What is being asked = Reproduce the line with "Opening A Training" and everything after it in the listing below, exactly, both ends included. No pictures.

Information shown =
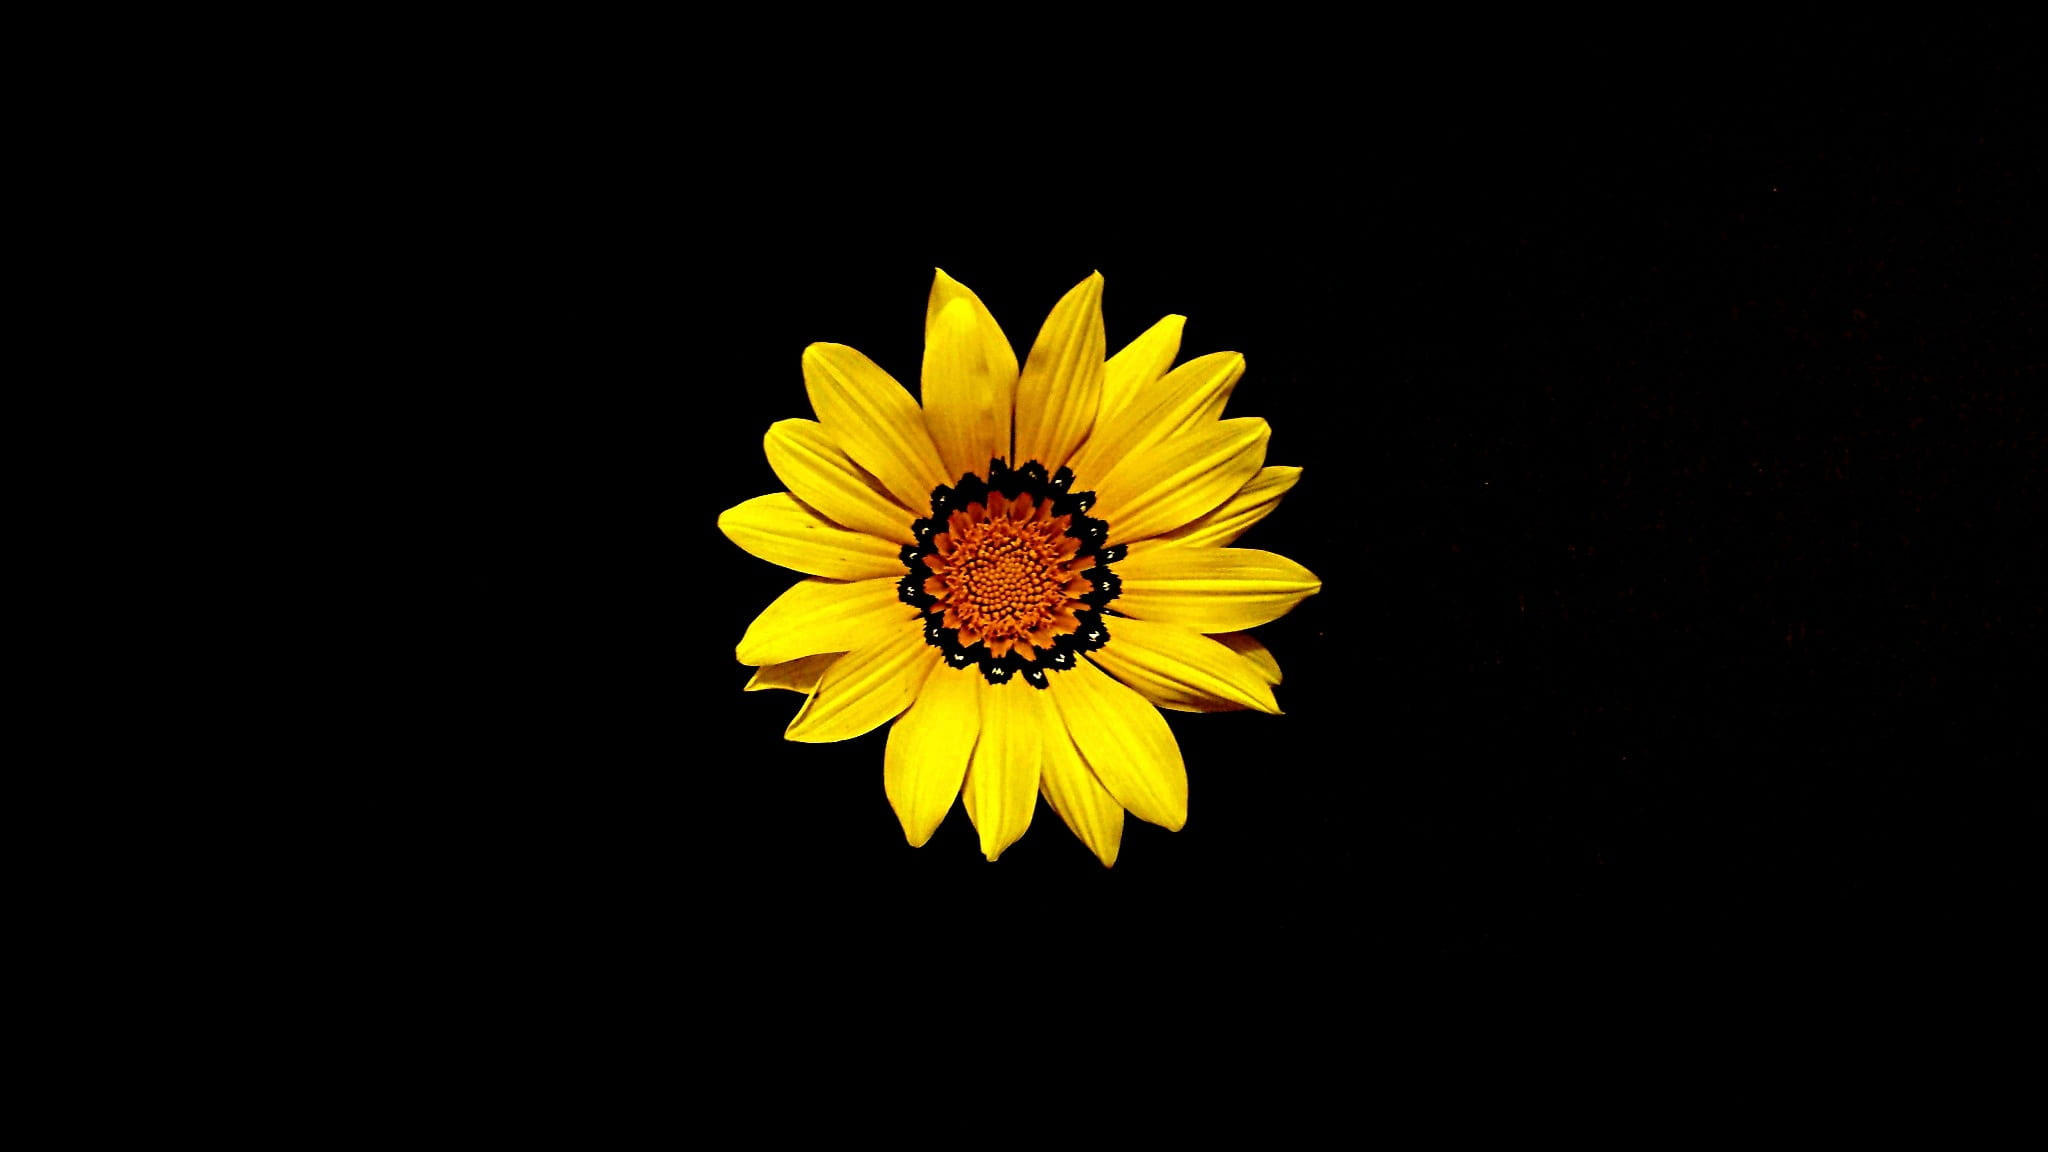 Yellow sunflower blooming wallpaper, mother's day, nature, spring, floral
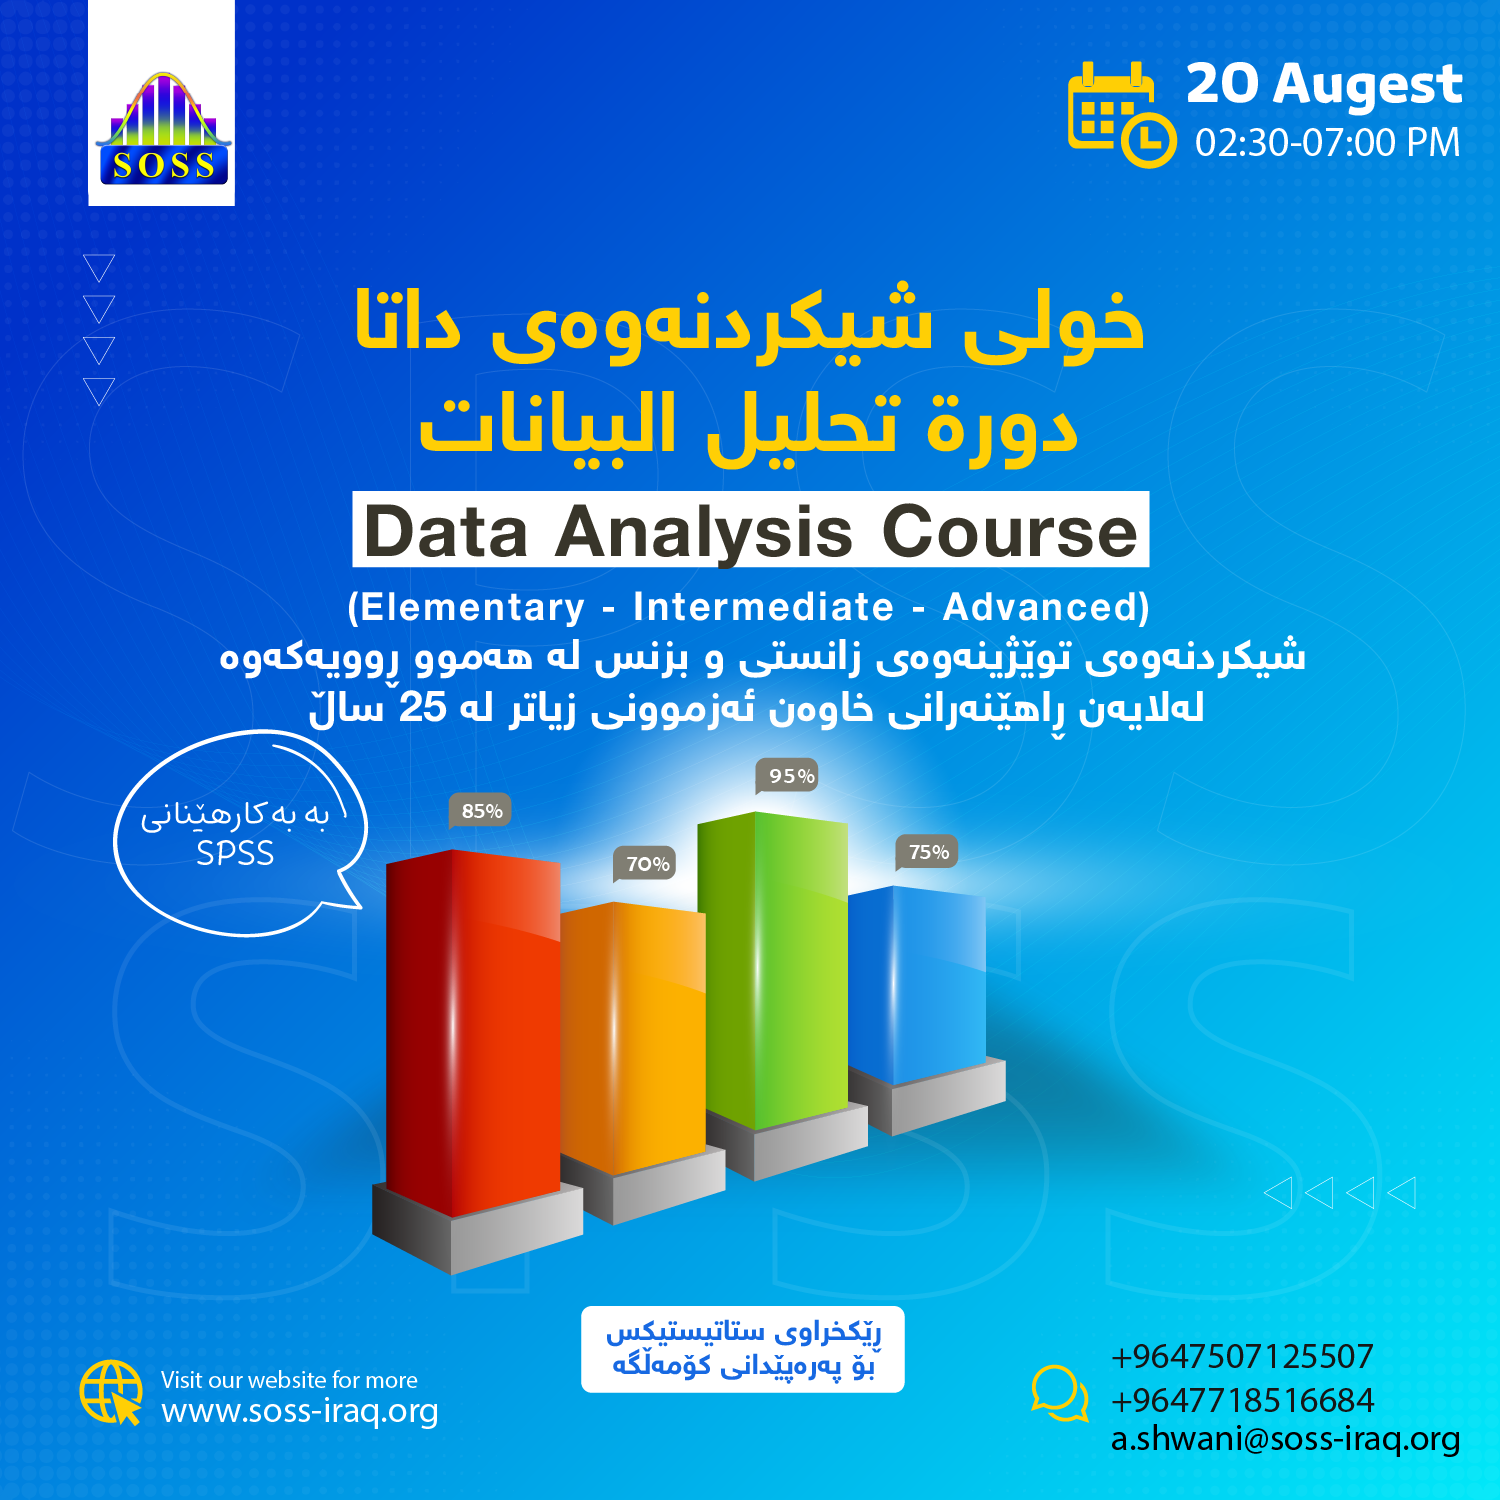 Opening A Training Course on Data Analysis Using SPSS
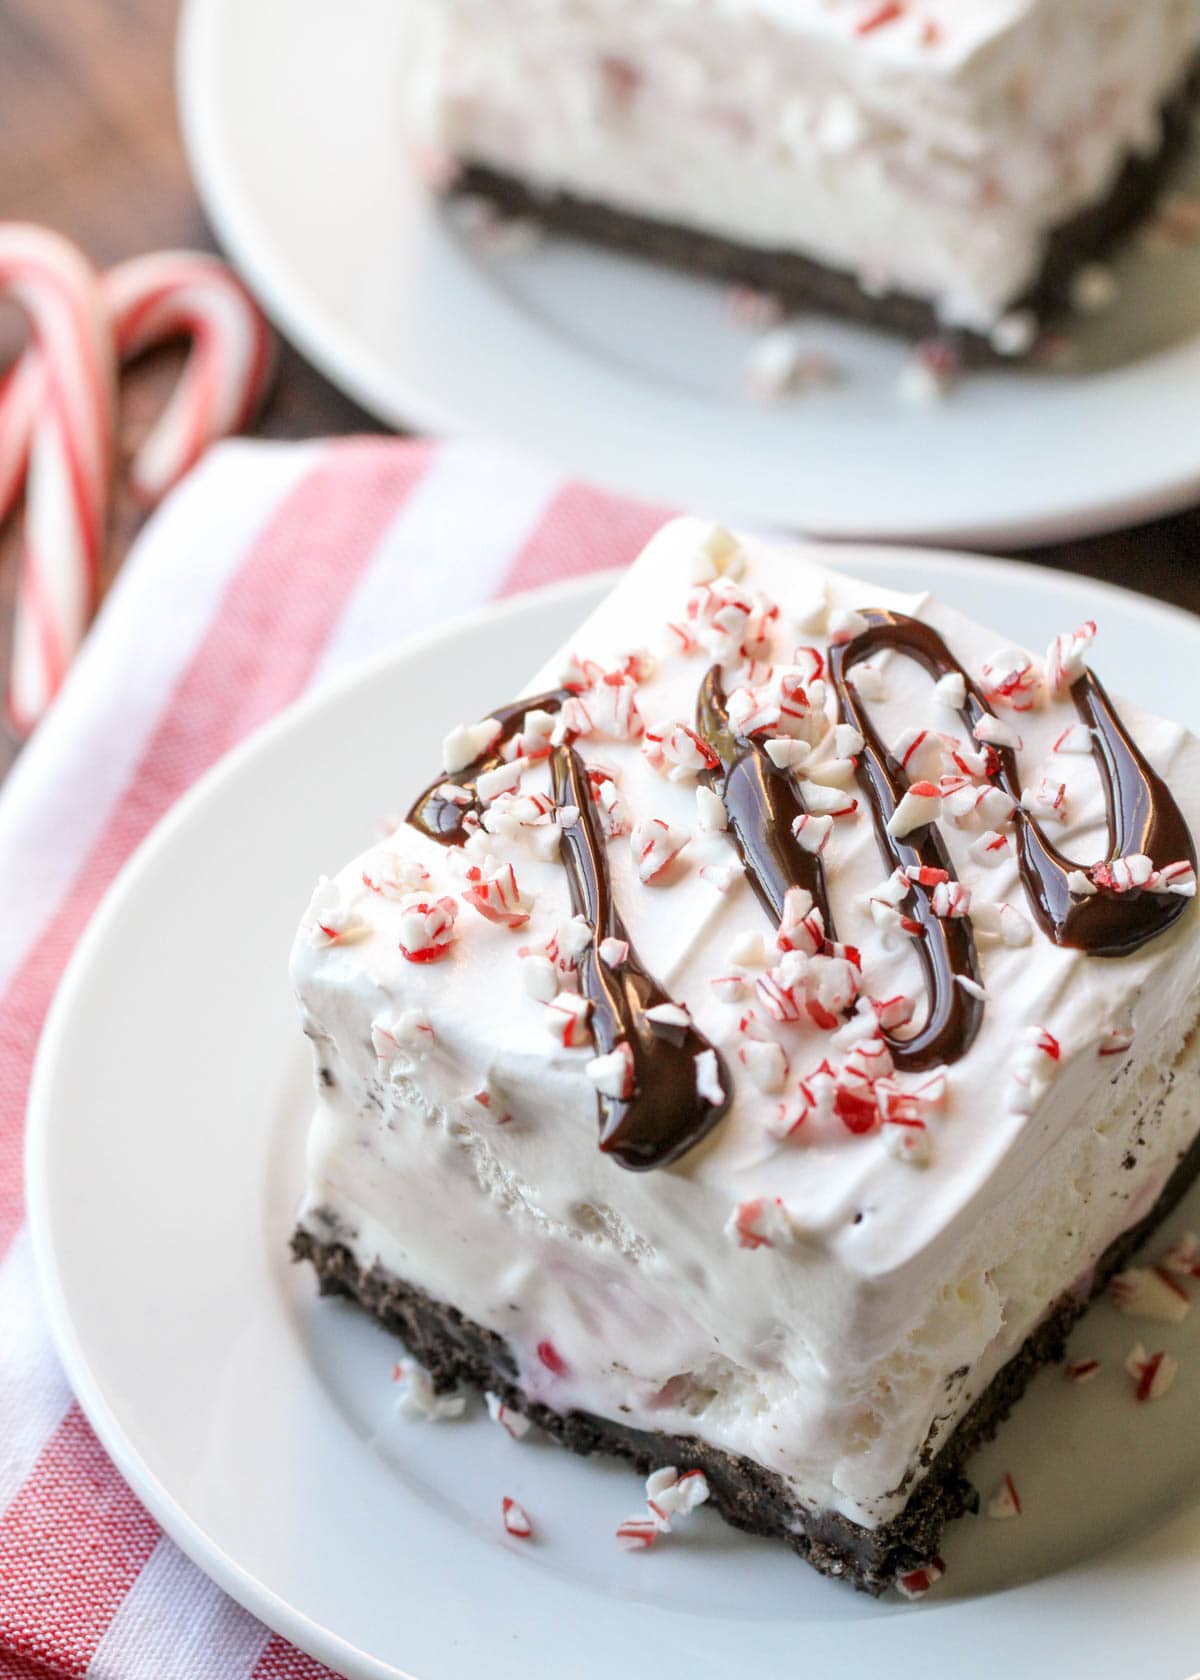 slice of peppermint ice cream dessert topped with chocolate syrup and crushed peppermint.

Solution for this task =
 Opening A Training Course on Data Analysis Using SPSS
 slice of peppermint ice cream dessert topped with chocolate syrup and crushed peppermint.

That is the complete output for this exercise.